Neighborhoods and Cities
How
would you like to live in the desert without protection
from the sun or live outdoors in the winter? People everywhere need
protection from the weather to survive, and we call protective structures
"shelters."
Before
people knew how to heat or cool a building mechanically,
every climate required a different shelter. In northern countries
with heavy snows people built houses with steeply pitched roofs to
allow the snow to slide off.
Before
people used glass in windows, window openings were small
to keep out the wind in the north and the sun in the south. On tropical
islands, shelters have always had great umbrella-like roofs to shed
heavy rains and almost no walls so cooling breezes can pass through.
We
need shelter
Over
the centuries people have found that they cannot live without
protection from wind, sun, rain, snow, and extreme heat and cold.
Primitive people first found shelter in the natural environment, caves.

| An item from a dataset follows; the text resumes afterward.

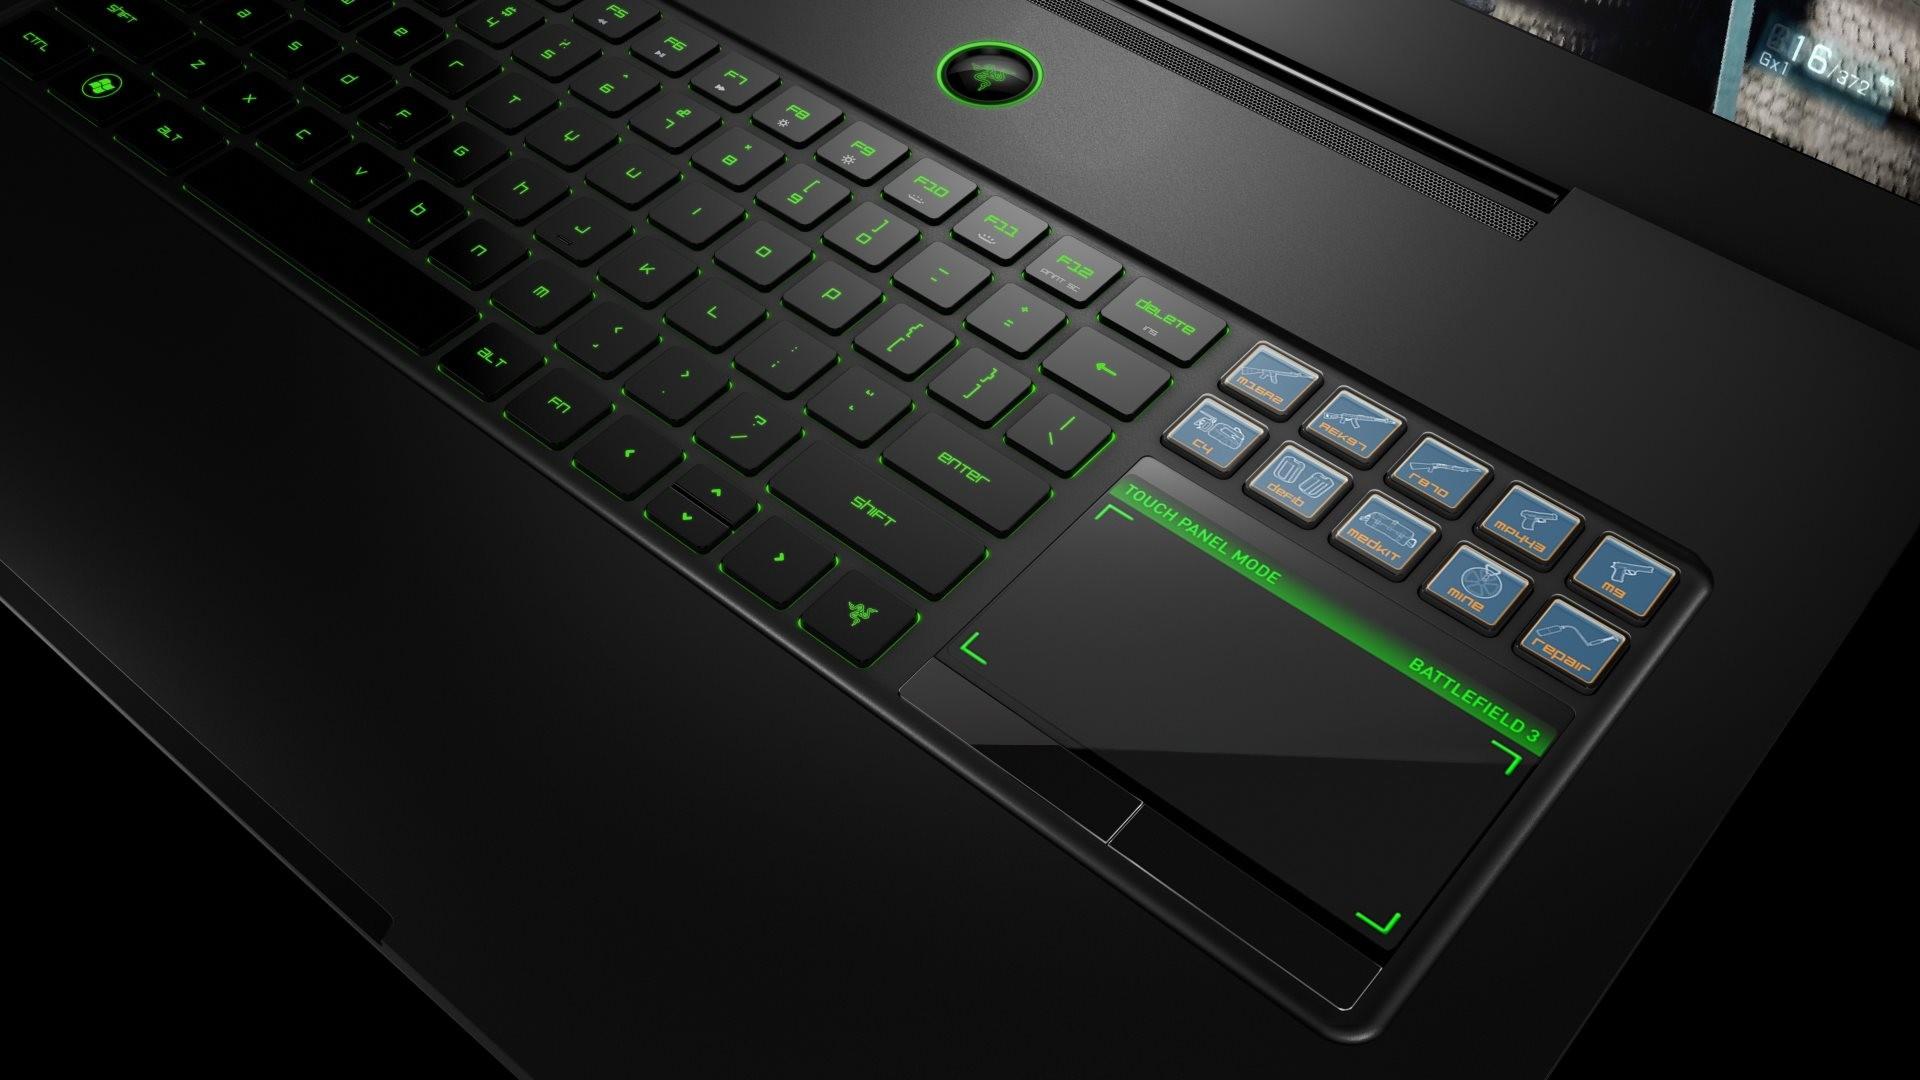 4K HD Wallpaper: Razer Blade Ultra-Thin Gaming Laptop

People later built their environment for protection, and although
thousands of years have passed, we still build our homes for this
reason. Even outside we look for the shade of trees when it is hot.
Climate
extremes affect the form of the environment. Although not
always apparent, every shelter, even in a moderate climate, responds
to people's basic needs for light, air, and protection from the elements.
We
build buildings and rooms for privacy and for places for
our different activities. If we had to, we could eat, sleep, cook,
read, play, and bathe in the same room. An Eskimo igloo is such a
place and so is an Indian teepee, but when people have a choice they
prefer not to live in one room. Just as we don't use a single room
for many purposes, we don't build a single building to be a church,
food market, and factory.
Most
buildings serve a number of uses. A school includes a gym,
an auditorium, offices, classrooms, a library and usually a lunchroom,
and we might use each room in several ways. In the classroom, for
example, we read, see films, hear music, write, and talk. This
ability to use a building or room for several purposes is called "versatile."
We need versatility, as well as variety, in our rooms and buildings
for the many acivities that are part of our way of life.